Journal article
An artificial compressibility method for viscous incompressible and low Mach number flows
Laboratory of Applied Thermodynamics, Department of Mechanical Engineering, Helsinki University of Technology, Sähkömiehentie 4, FIN-02015 HUT Espoo, Finland1
Within the framework of the pressure-based algorithm, an artificial compressibility method is developed on a non-orthogonal grid for incompressible and low Mach number fluid flow problems, using cell-centered finite-volume approximation. Resorting to the traditional pseudo-compressibility concept, the continuity constraint is perturbed by the time derivative of pressure, the physical relevance of which is to invoke matrix preconditionings.
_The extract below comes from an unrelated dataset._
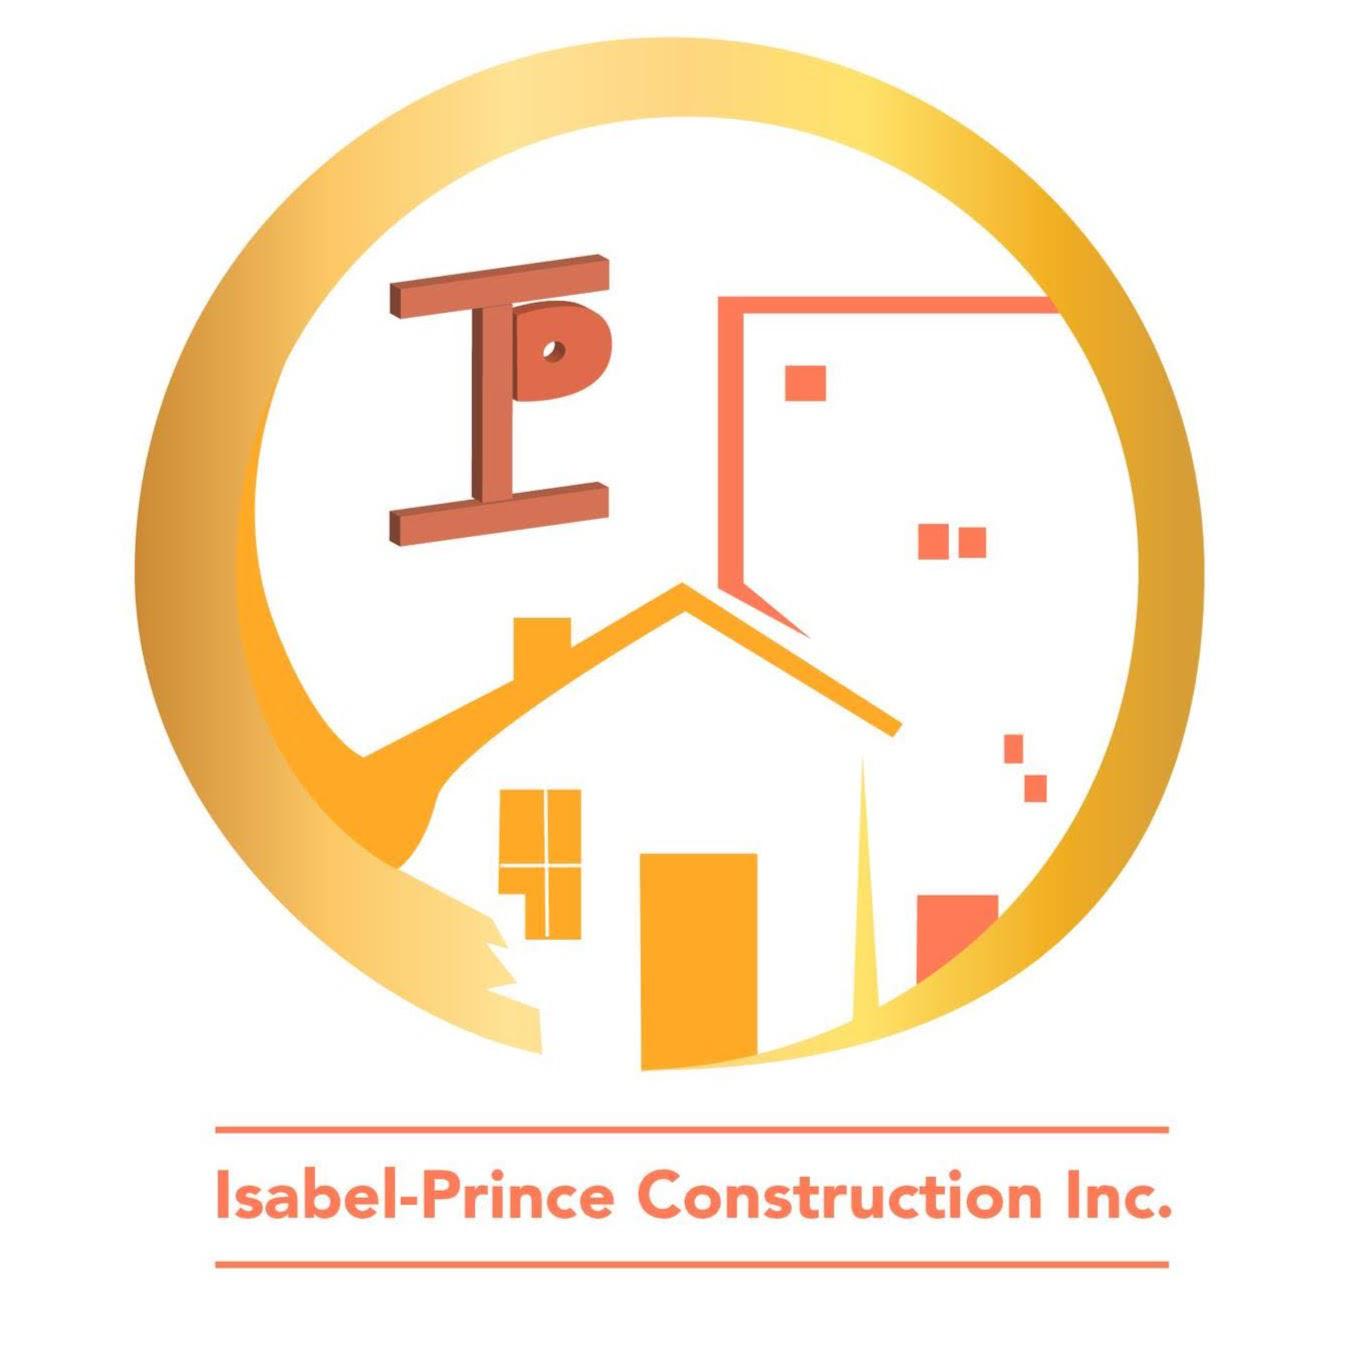 Isabel-Prince Construction Inc. - Rénovation Salle de bain - Saint-Eustache Montréal

The approach provokes density perturbations, assisting the transformation between primitive and conservative variables. A dual-dissipation scheme for the pressure–velocity coupling is contrived, which has the expediences of greater flexibility and increased accuracy in a way similar to the monotone upstream-centered schemes for conservation laws approach.
To account for the flow directionality in the upwinding, a rotational matrix is introduced to evaluate the convective flux. Numerical experiments in reference to a few well-documented laminar flows demonstrate that the entire contrivance expedites enhanced robustness and improved overall damping properties of the factored pseudo-time integration procedure.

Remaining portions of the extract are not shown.